The management of the Associated Writers and Writing Programs announced on Monday on Twitter that the annual AWP Conference would not be canceled due to the threat of the spread of the COVID-19 coronavirus. This year's event, which takes place March 4-7, is being held in San Antonio, Tex., where it is expected to attract more than 10,000 people.
Doubt about the viability of the event hung over the show after it was revealed that a patient quarantined at a nearby military base was accidentally released into the city for a period of 12 hours over the prior weekend. The mayor of San Antonio subsequently proclaimed a state of disaster and a public health emergency that will be in effect for the next seven days, a period covering the entirety of AWP.

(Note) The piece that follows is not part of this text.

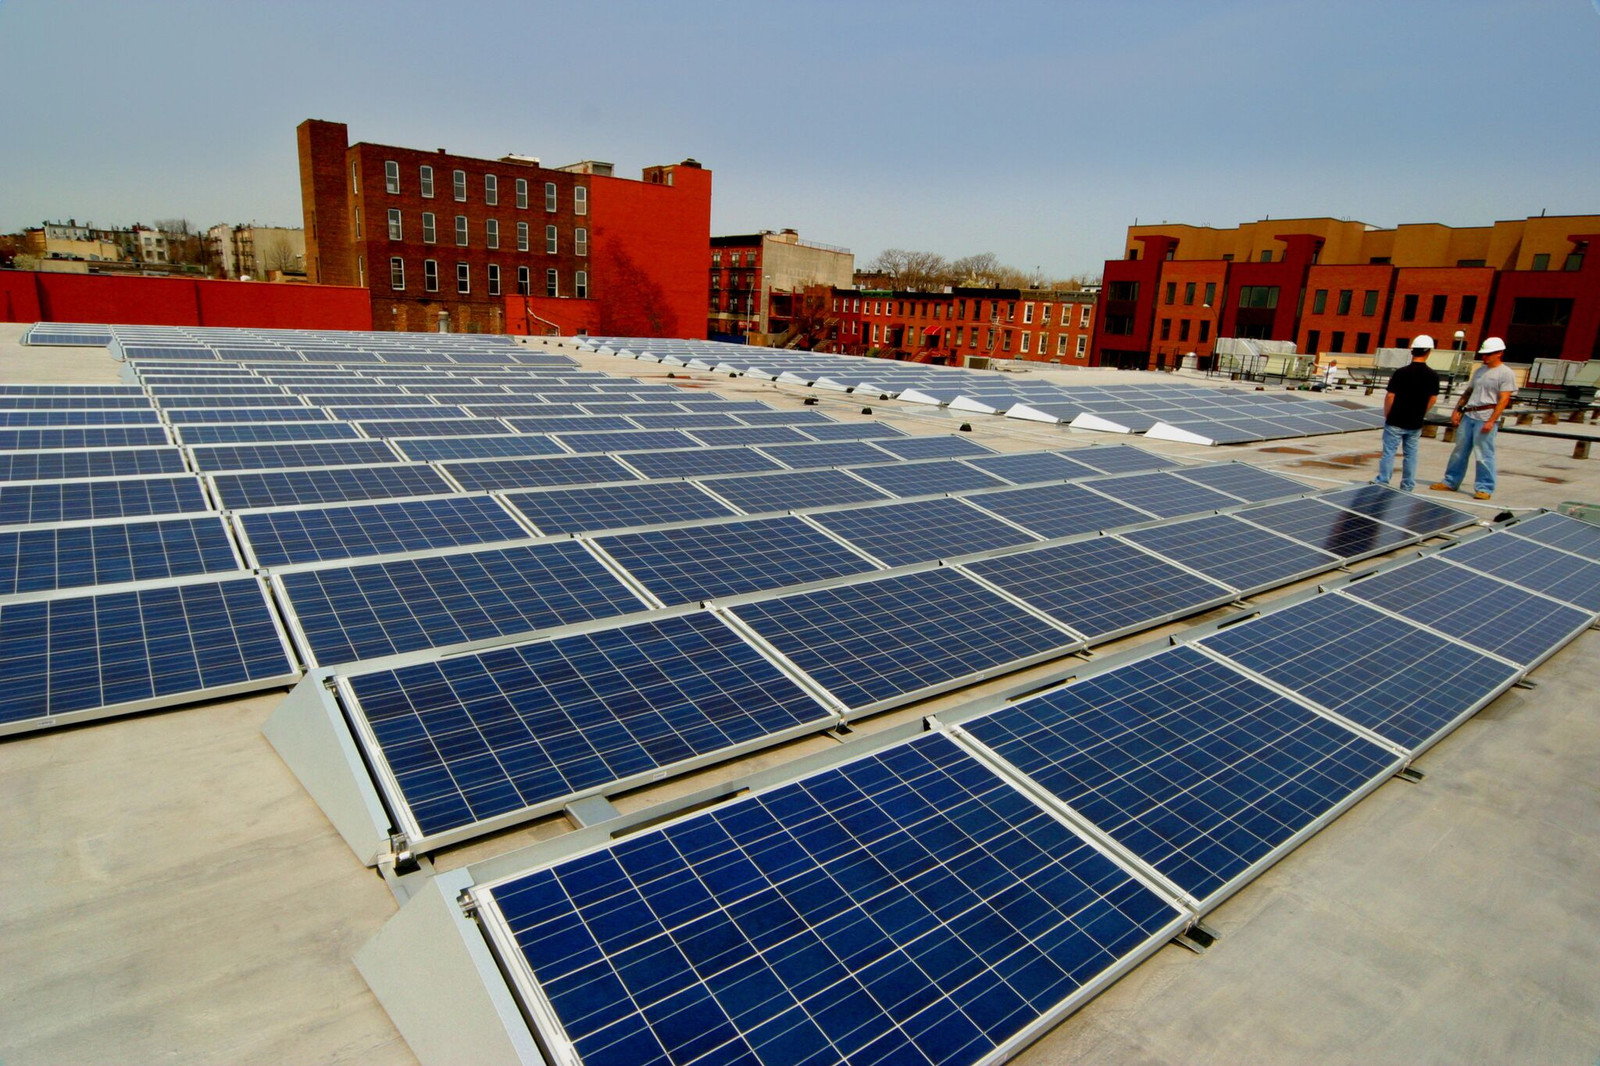 nyc solar installer quixotic systems designs vertical - HD1600×1067

As anxiety grew among those registered for the event, much of it expressed through social media, AWP executive co-executive director Diane Zinna tweeted Monday evening that, after deliberations with the mayor, the organizations leaders had opted to go ahead with the event.
In post on its website, AWP said in talks with mayor Ron Nirenberg said that the patient who had been released did not go to the airport or to the downtown area. The AWP said the mayor encouraged the organization to go ahead with the conference.
In its post, AWP explained its thinking in moving forward: "AWP is not moving forward lightly. AWP staff and board are doing so out of a sense of responsibility to the communities we serve. Many schools and programs, particularly in the region, have worked so hard to create a truly exceptional conference this year. This includes the many small presses and journals who work hard all year to sell their books, magazines, and promote their programs at AWP."
The AWP post also included the steps it is taking to ensure a safe meeting, including increasing the amount of hand sanitizer available, and providing disinfecting wipes in every meeting room. AWP also said panel rules "will be relaxed to ensure that our important conversations can continue; writers may now appear on more than 2 panels."
The move to go ahead has been criticized by some parties. Diane Zinna, the organization's executive co-director, has resigned from her position as a result of the decision. Others have asserted that keeping the conference running is inconsiderate of the immunocompromised and other writers with disabilities. Disabled & Deaf Uprising, a collective of writers and artists with disabilities, has slammed the decision in a series of tweets. The conference has come under fire before for accessibility issues.
The organization acknowledged that some attendees, including speakers, have canceled their trips, and said it will provide a list of those who have canceled. Among the publishers known to have withdrawn from the conference is Tin House. Earlier in the day, AWP tweeted that they would offer refunds or credits toward next year's AWP conference in Kansas City to anyone uncomfortable with traveling to San Antonio for the event.
This story has been updated with further information.